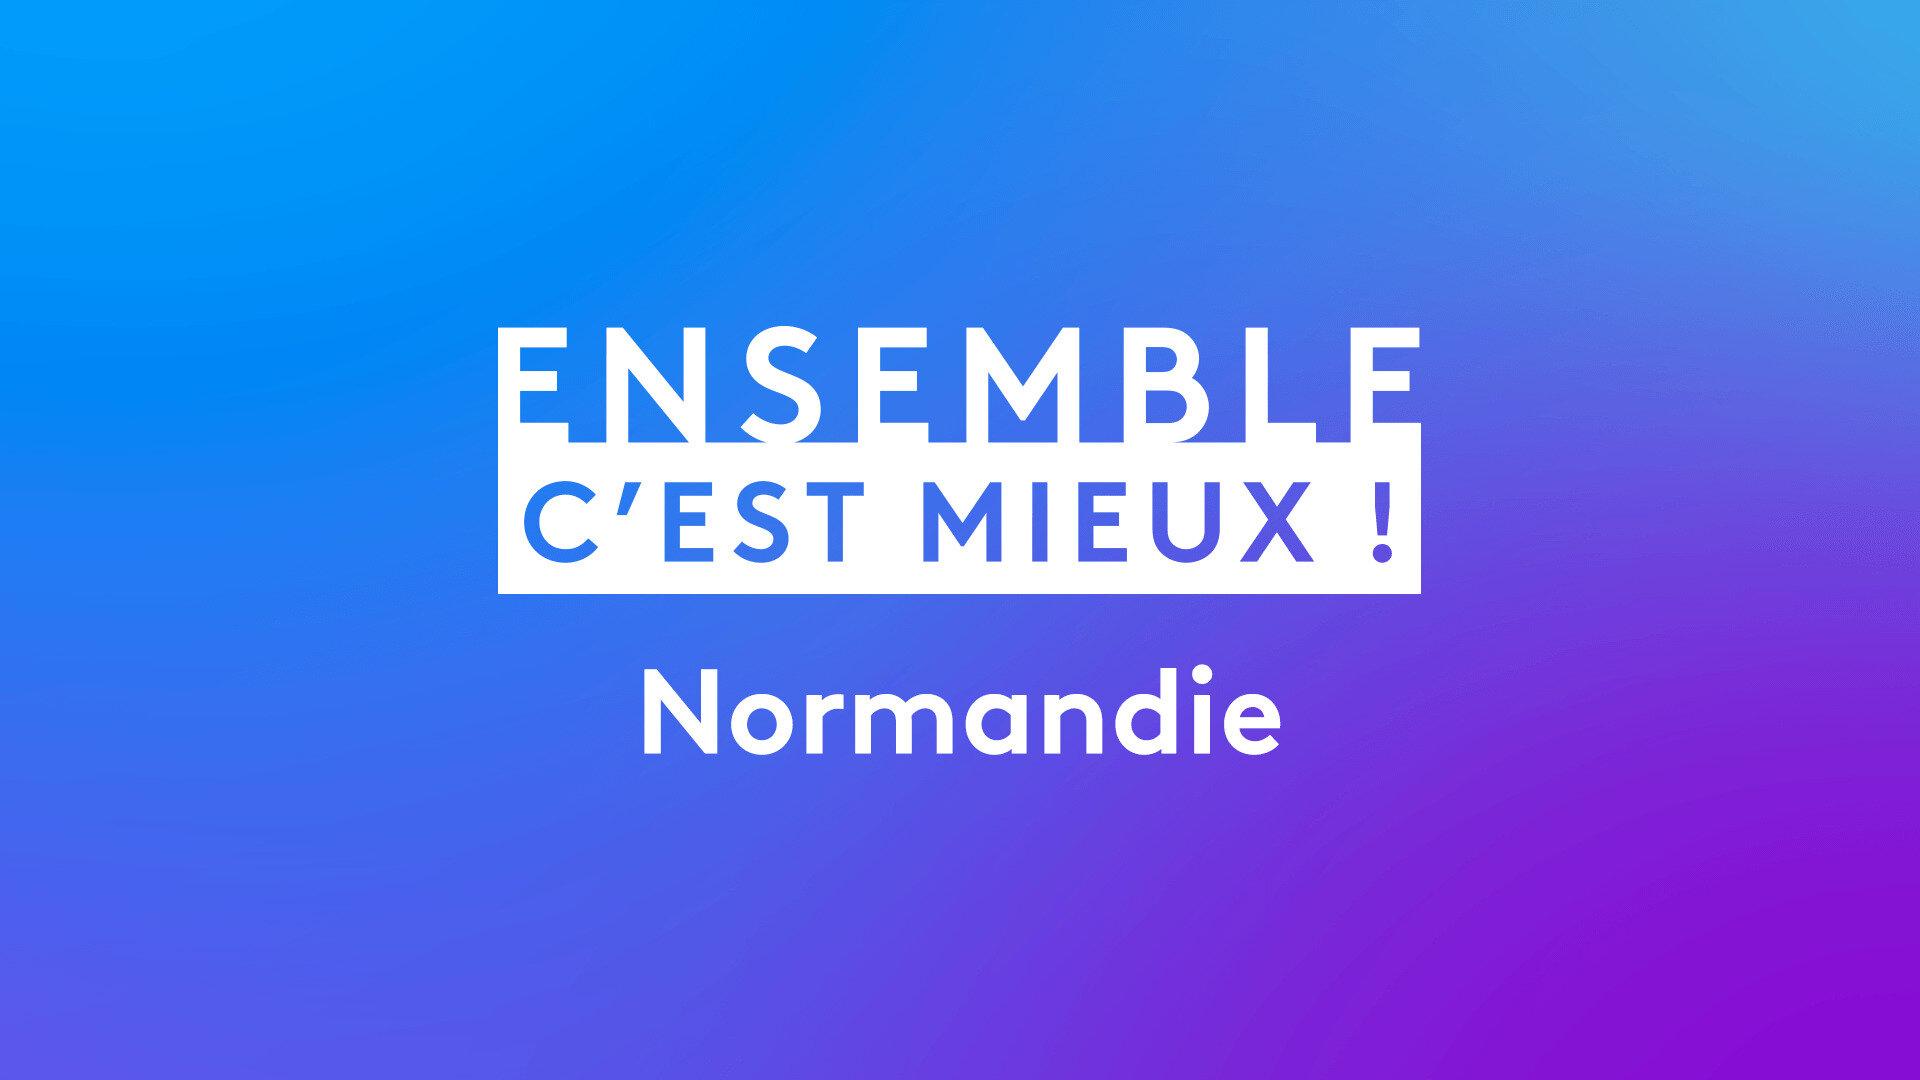 Ensemble c'est mieux ! Normandie : Les griculteurs normands et particulièrement la nouvelle génération qui prendra la relève.
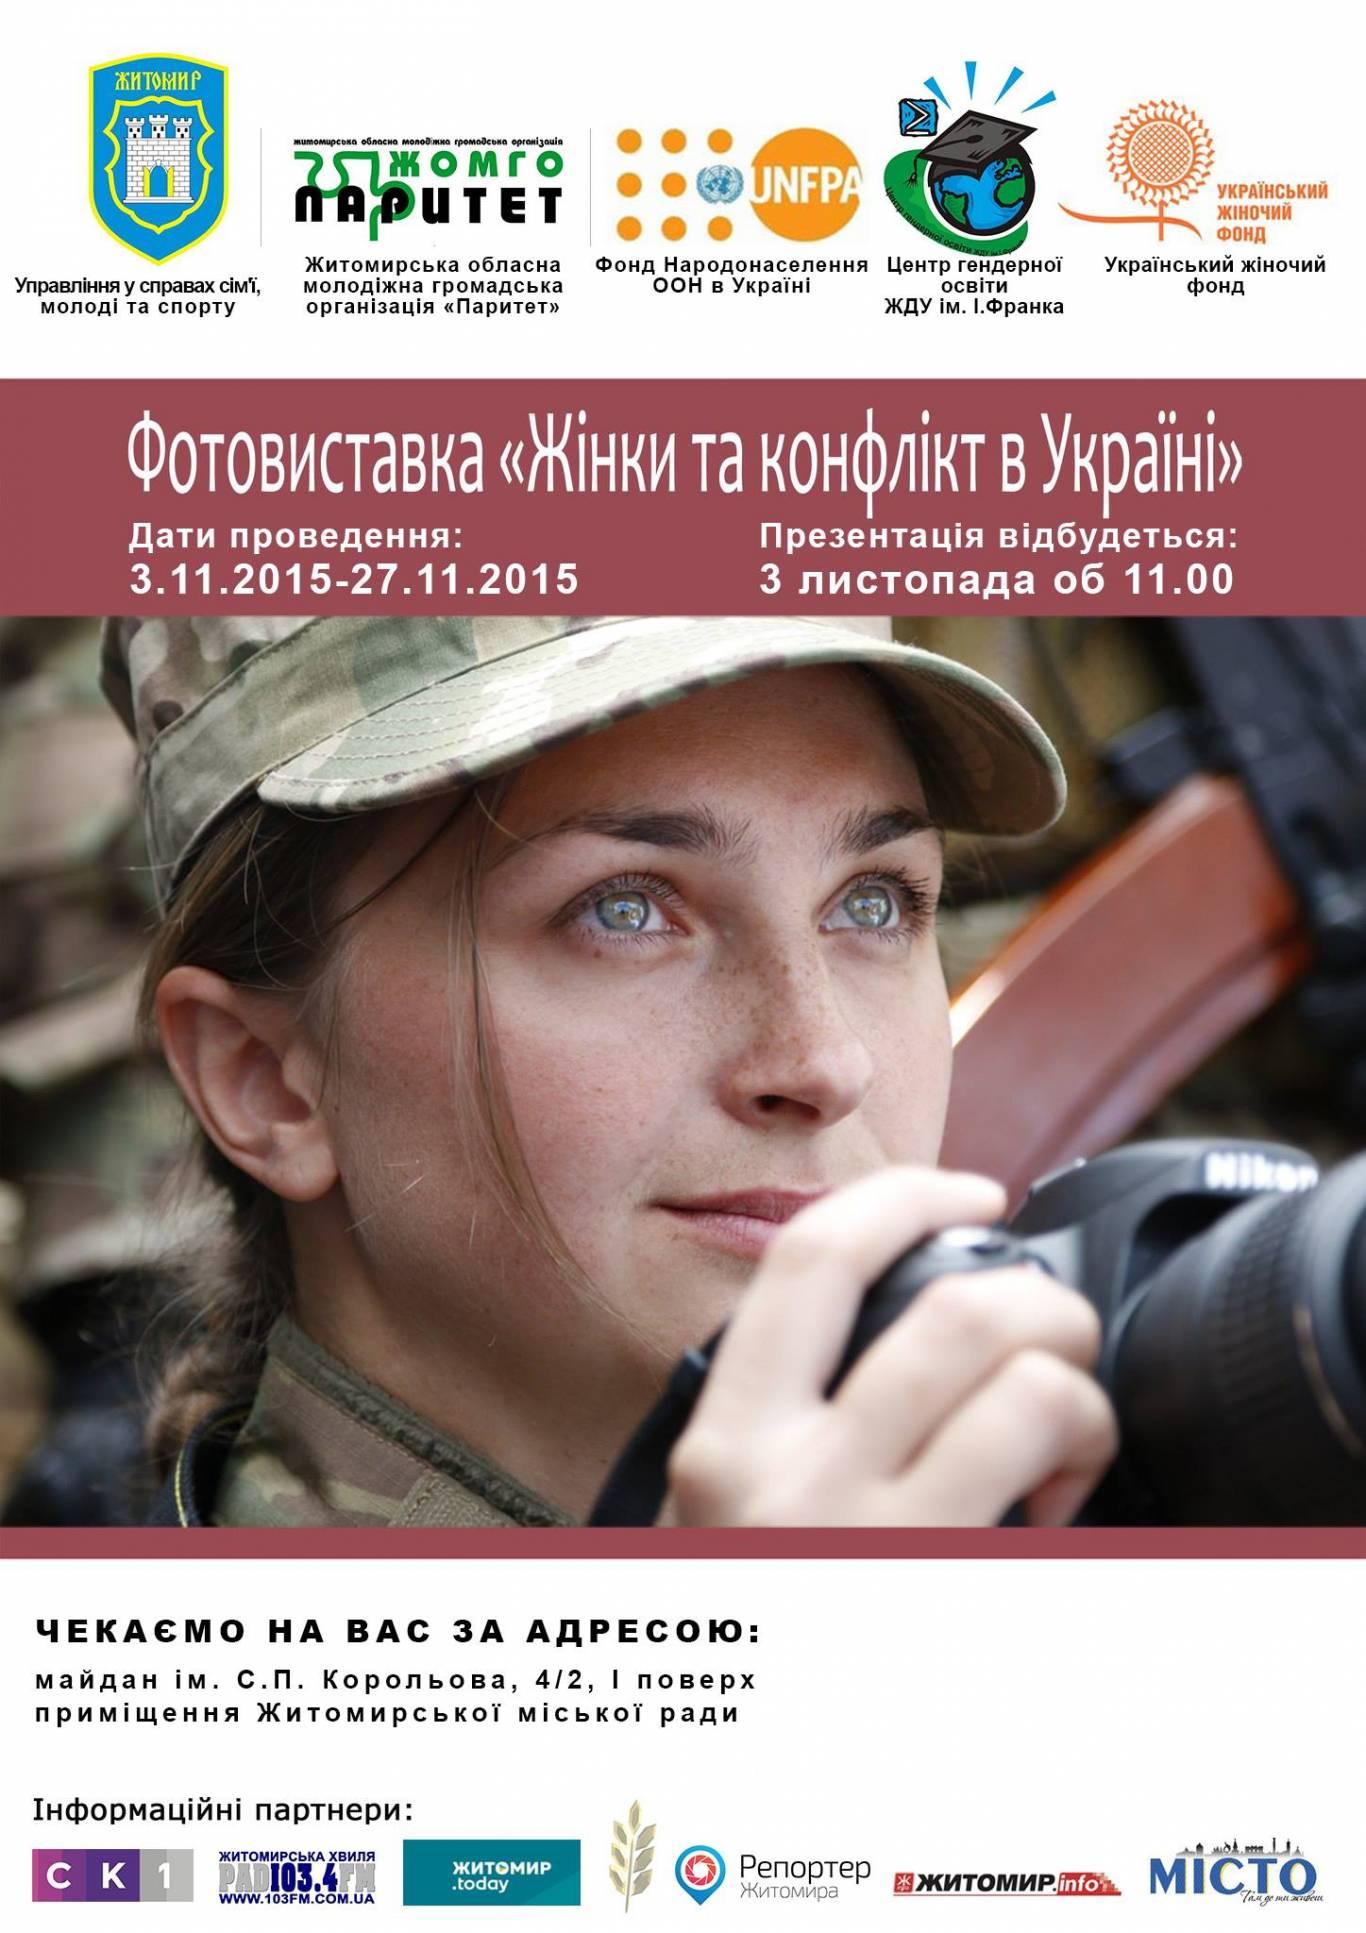 """Фотовиставка """"Жінки і конфлікт в Україні"""""""
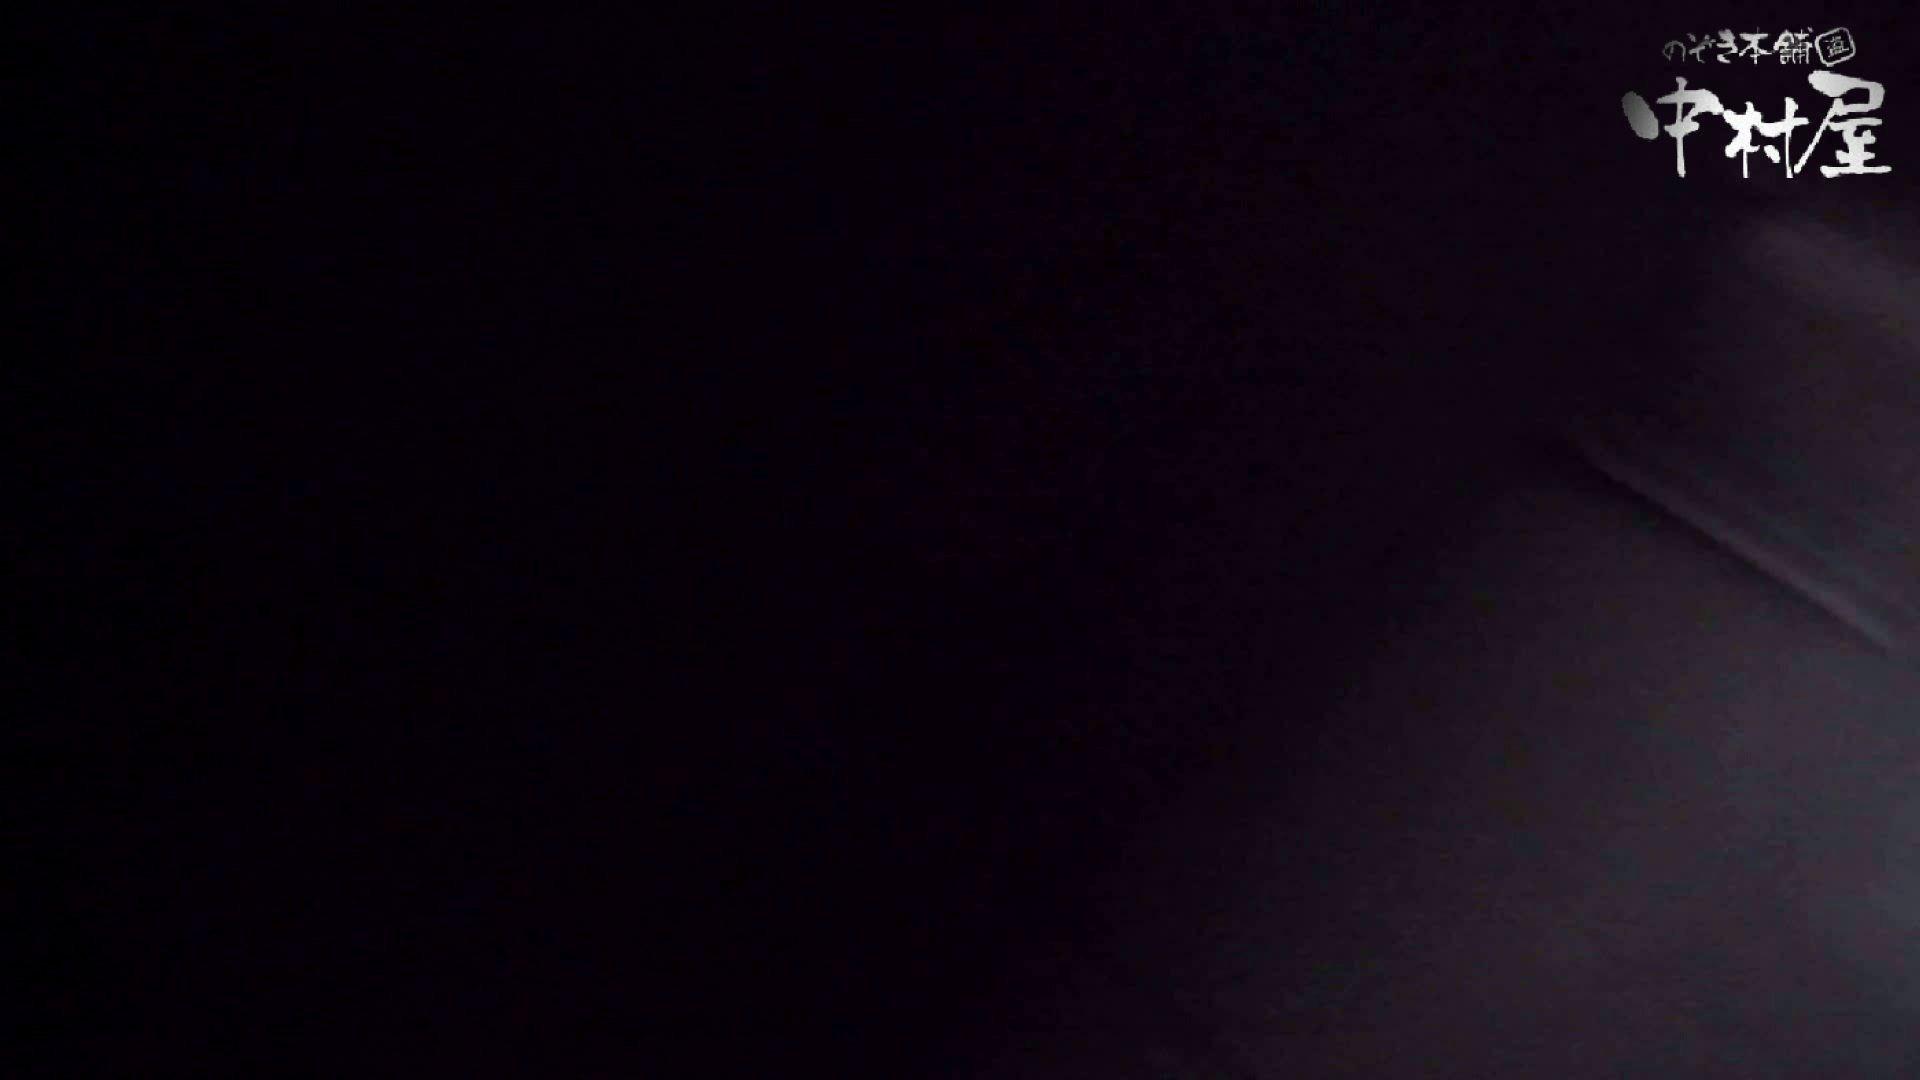 【世界の射窓から】世界の射窓から vol.7 洗面所 | OL女体  49連発 11

▬▬▬▬▬▬▬▬▬▬

▶ Problem requirements: Nothing but an exact copy of the data above, minus its pictures, should appear in the response.

▶ Response to the exercise:
 Ensemble c'est mieux ! Normandie : Les griculteurs normands et particulièrement la nouvelle génération qui prendra la relève.
 """Фотовиставка """"Жінки і конфлікт в Україні"""""""
 【世界の射窓から】世界の射窓から vol.7 洗面所 | OL女体  49連発 11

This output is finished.